Las seis cuerdas esa noche sufrieron de lo lindo, pues se
les arrastró por el escenario, se convirtieron en improvisado bastón con el
mástil apuntando hacia abajo y hasta se estrellaron contra el suelo en un
sonoro golpe que hasta dolió a un servidor. Que no se pierda el salvajismo, claro
que no. Estas cosas no se ven todos los días.
La voz hipnótica de Stephen Lawrie nos dejó como único
fragmento inteligible una estrofa que decía “I
remember everything” (recuerdo todo), repetida con fidelidad ritual y cierto
aire místico a lo Woven Hand que podría corresponder a “Everything Turns Into
You”, de su último largo ‘Exploding Head Syndrome’. Un momento de trance antes
de que al hacha le diera otra venada de esas chaladas y simulara pegar con su
instrumento al bajista arrodillado antes de acabar colgando la guitarra sobre
un bafle. Como si fuera un jamón.
Y después del instante participativo que mencionábamos antes
en el que se aporreó de manera tribal, el voceras Stephen se piró del escenario
esquivando gente con toda la tranquilidad del mundo mientras nos dejaban un
ensordecedor acople para deleitarnos. El señor del tambor devolvió la baqueta a
las tablas sin saber muy bien qué hacer con ella mientras la peña se miraba
entre sí pensando hasta cuándo se prolongaría aquel gratuito suplicio auditivo.
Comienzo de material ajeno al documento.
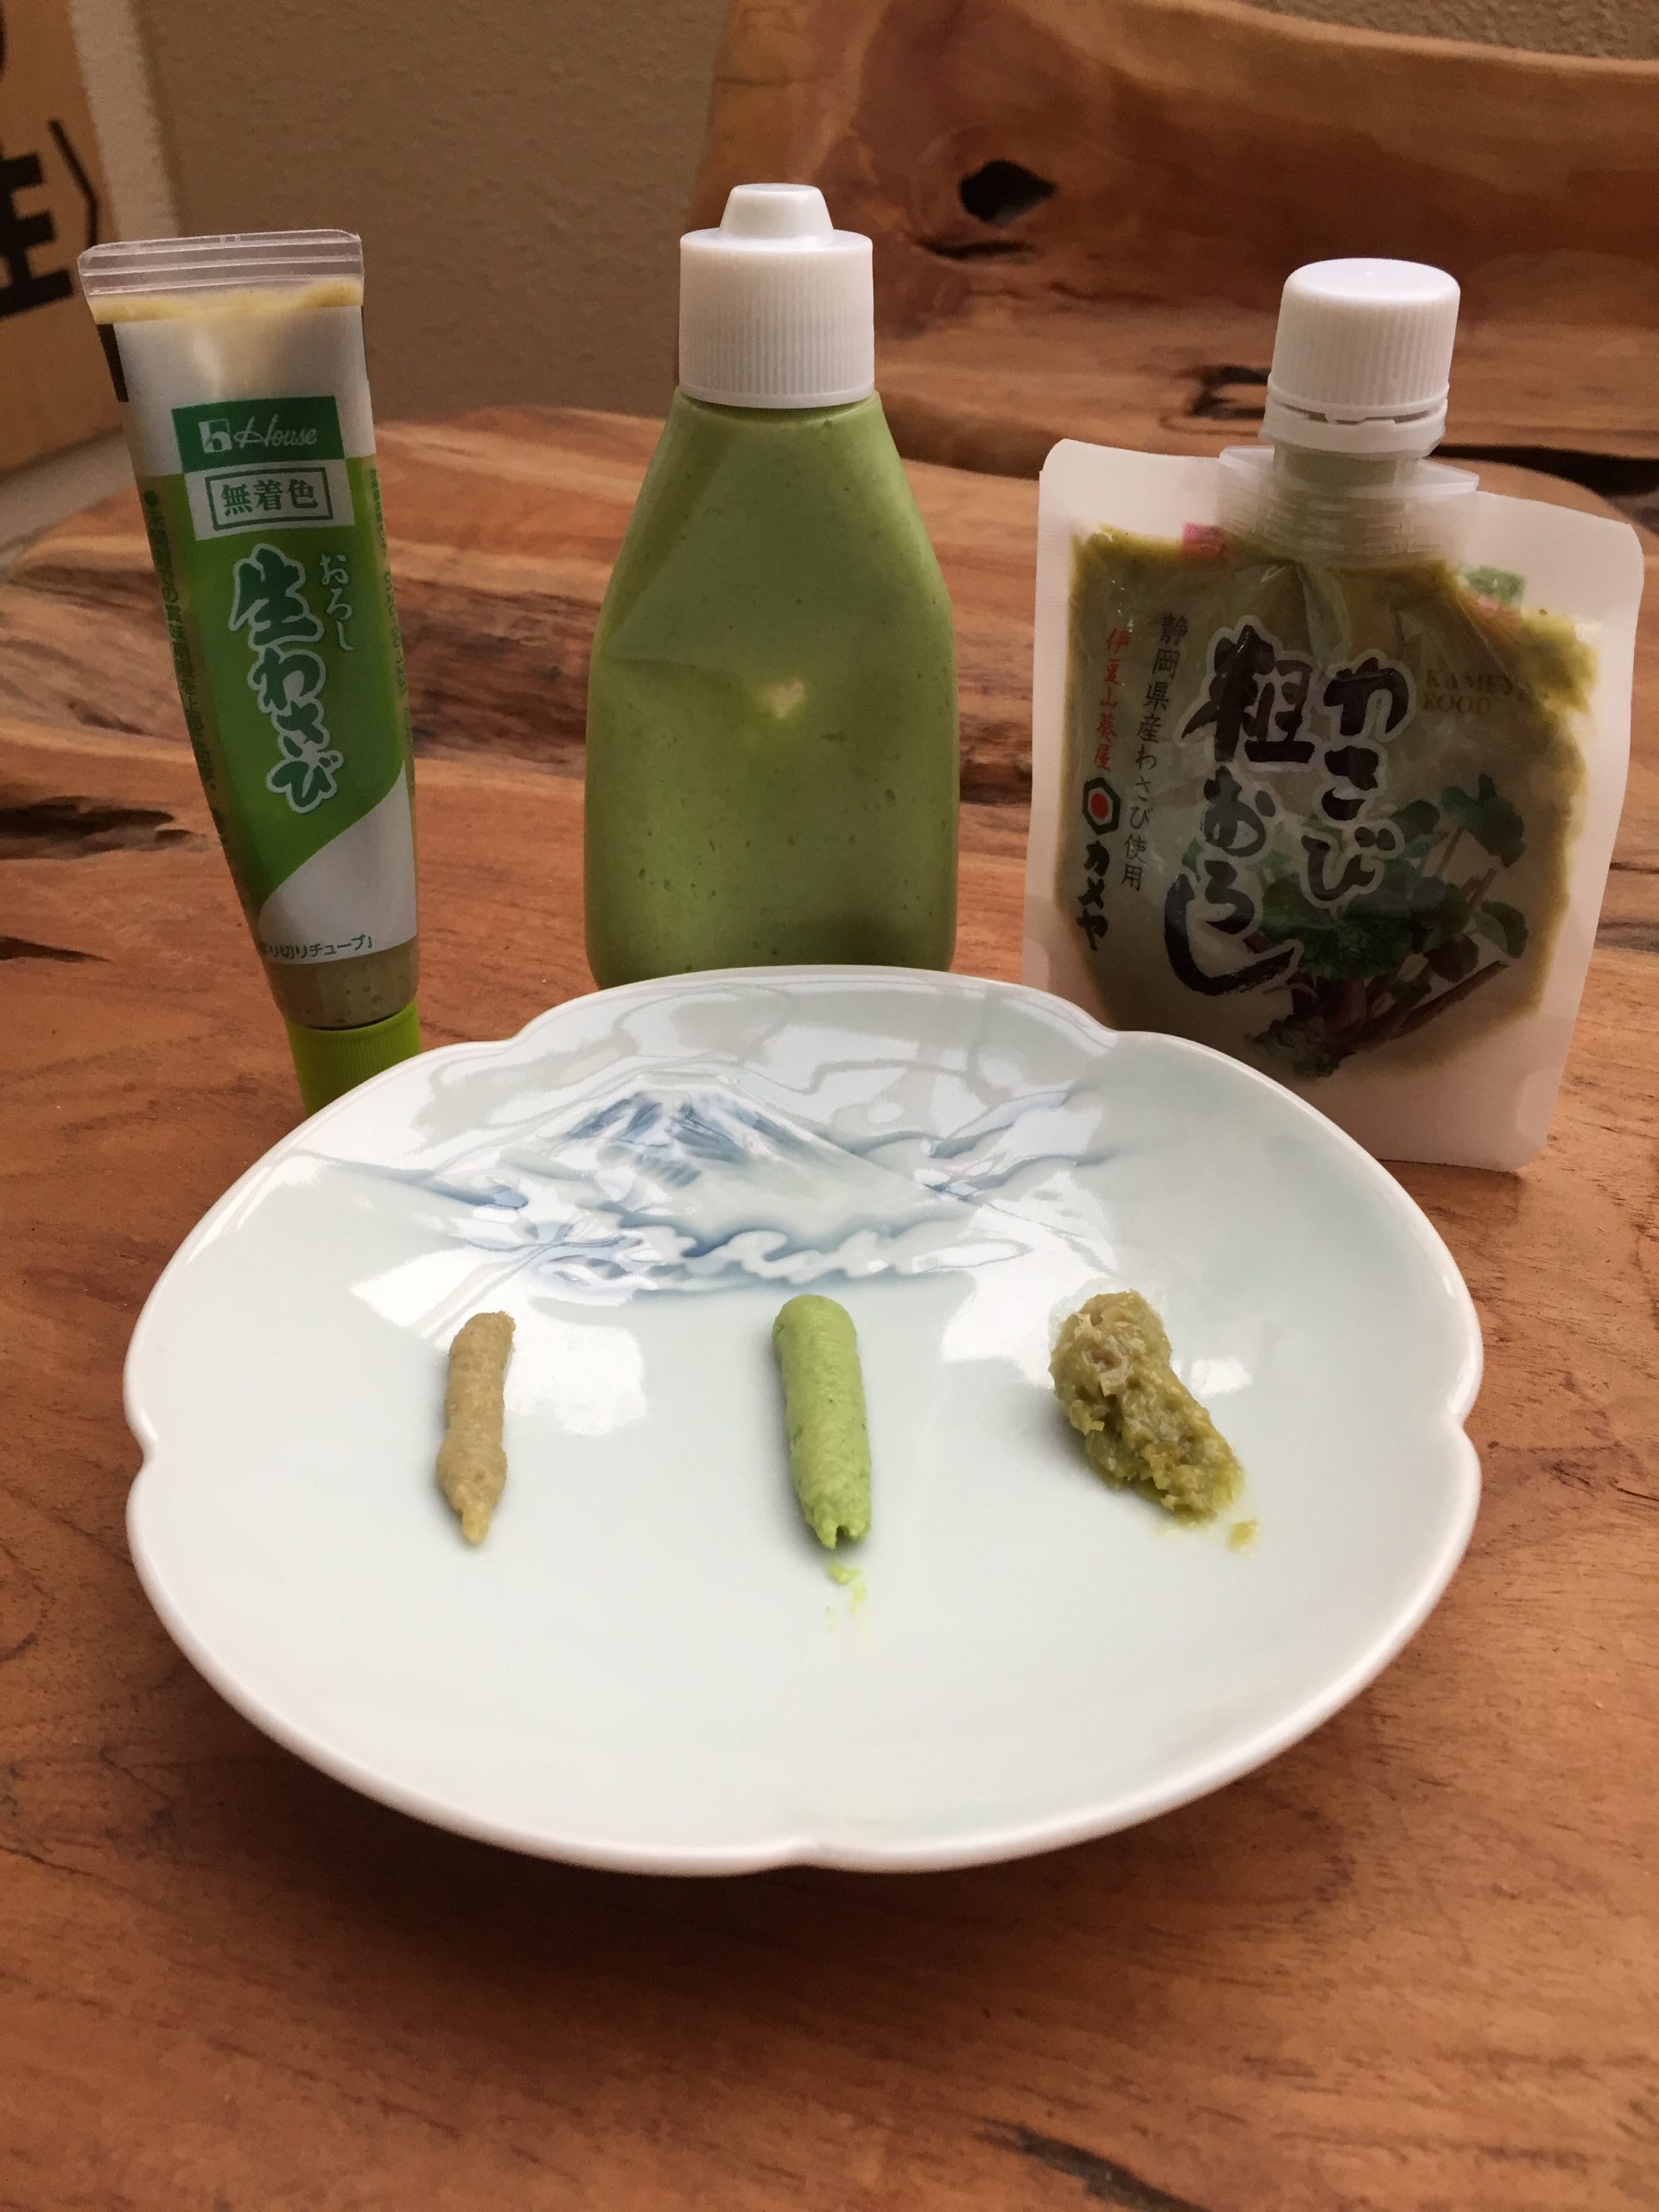 Perbandingan wasabi asli dan palsu. Wasabi yang ada di kiri adalah wasabi palsu (tokyocreattive.com)

La intervención del técnico que silenció el acople fue aplaudida como si se
tratara de una estrella del rock. La transgresión del silencio.
Como hemos dicho, este recital no rasgó tanto las vestiduras
como su anterior incendiaria incursión en la capital vizcaína, pero siguió
molando igual su mantra de ruido y hasta ofrecieron una actuación más
profesional, si se quiere. Sonará a cuadratura del círculo, pero el orden
dentro del caos es posible. The Telescopes lo demostraron el otro día.